The number of Israeli-Arab Ph.D. candidates has more than doubled in a decade, according to data presented by the Council for Higher Education.
A report published on Sunday by Israel’s Council for Higher Education (CHE) showed that the number of Israeli-Arab doctoral students rose from 355 in 2008 to 759 in 2018.
In 2018, 40 percent of doctoral students from the Arab sector studied in the fields of engineering and natural sciences, and 40 percent in the fields of social sciences and life sciences. The number of doctoral students from the Arab public increased from 3.5 percent of the total number of Ph.D. candidates in Israel in 2008 to 6.7 percent a decade later. However, the number is still lower than their representation in the population of 20 percent.
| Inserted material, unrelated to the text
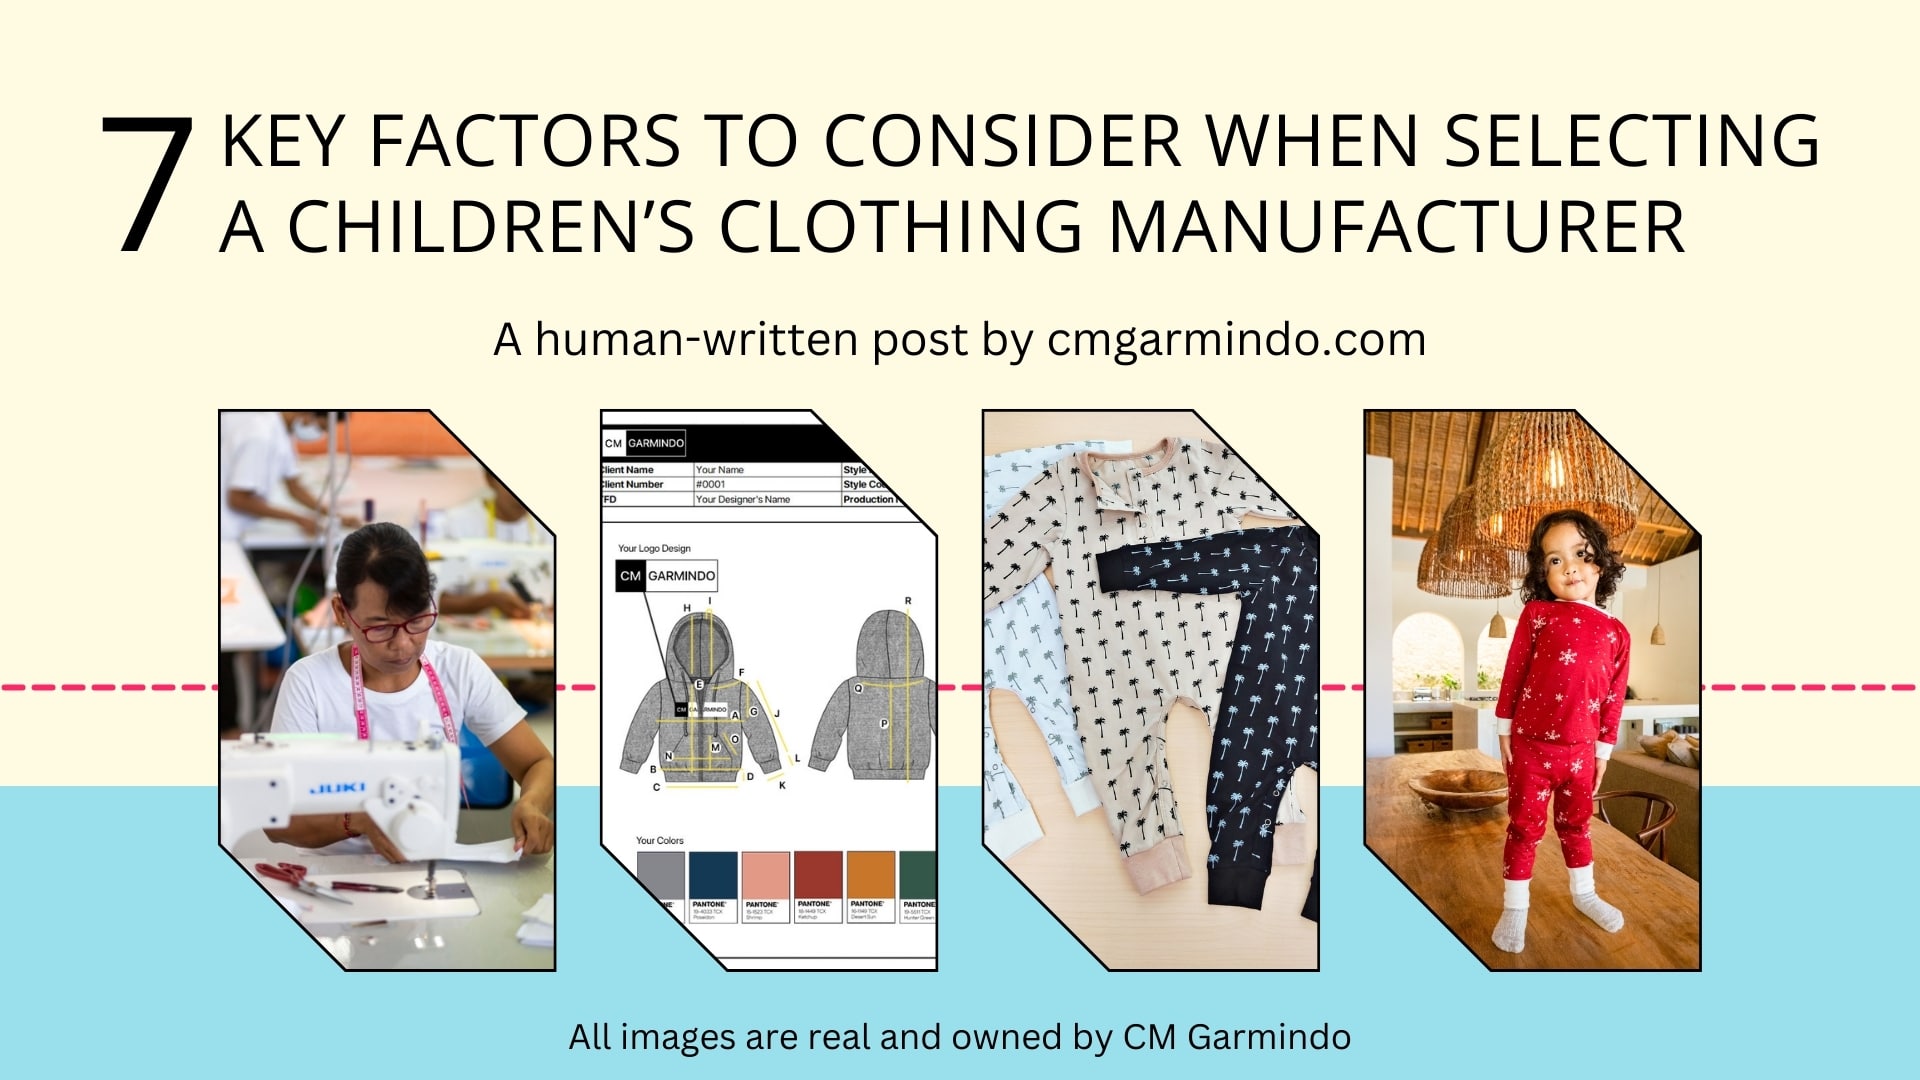 Main image for the article titled 7 Key Factors to Consider When Selecting a Children’s Clothing Manufacturer.

The CHE Planning and Budget Committee hailed the trend as “a revolution.”
In recent years, the CHE has been implementing a program to make higher education accessible to the Arab public. One of its objectives is to increase the number of Arab students studying for a third degree to 7 percent of the total number of doctoral students at universities.
The report demonstrated that the institution with the most Arab students studying for a doctorate is Haifa University with 241 students, followed by the Hebrew University in Jerusalem with 131.
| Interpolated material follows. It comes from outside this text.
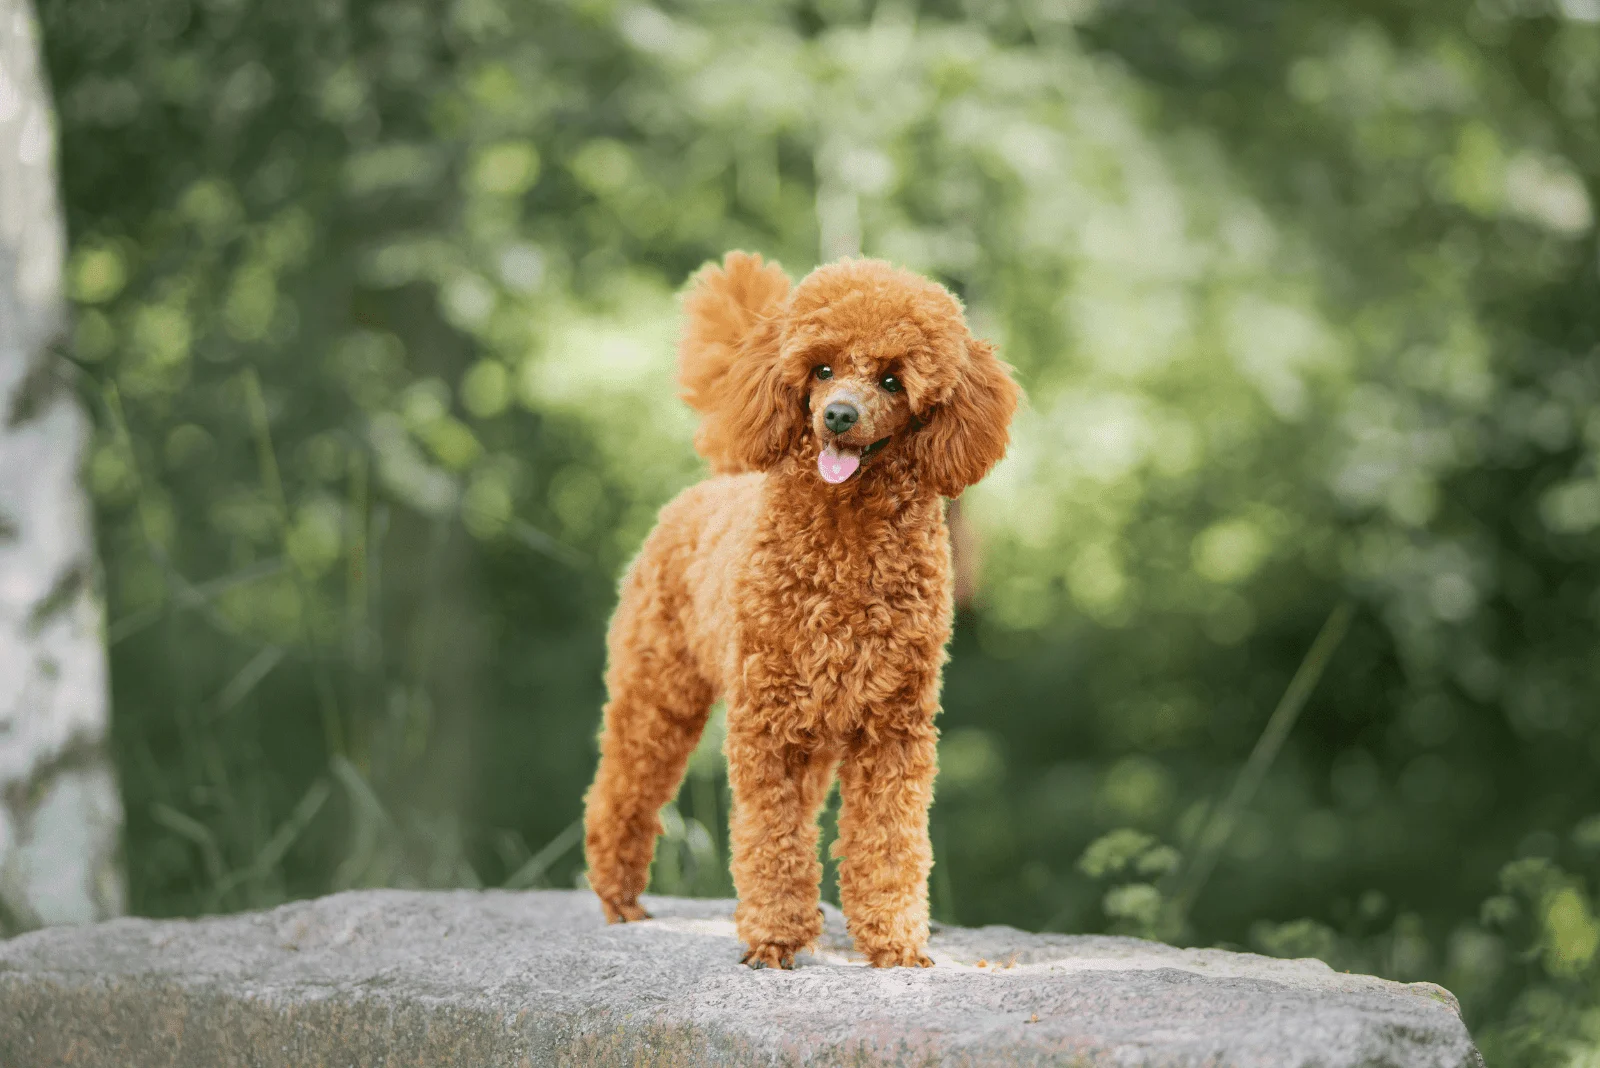 the poodle is standing on a stone

In addition, there was also a 90 percent increase in the past decade in the number of Arab students studying towards a master’s degree.
The number of Arab graduate students increased from 2,161 students in 2008 to 3,966 in 2018. Together with the students at the colleges, approximately 8,700 Arab students study for a second degree in universities or colleges, which constitute about 14 percent of the total number of second-degree students in Israel.
Some 20 percent of Arab students studying for a master’s degree in universities study for a degree in the social sciences, another 16 percent study for a master’s degree in education, and about 14 percent study for a degree in exact sciences, life sciences and engineering.
The increase in the number of Arab graduate students mirrors the growth of Arab students who are studying for an undergraduate degree. Between 2010 and 2017, the percentage of Arab students studying for a first degree rose by 58 percent, from 26,000 students to 47,000 students, representing approximately 16 percent of all first-degree students in Israel.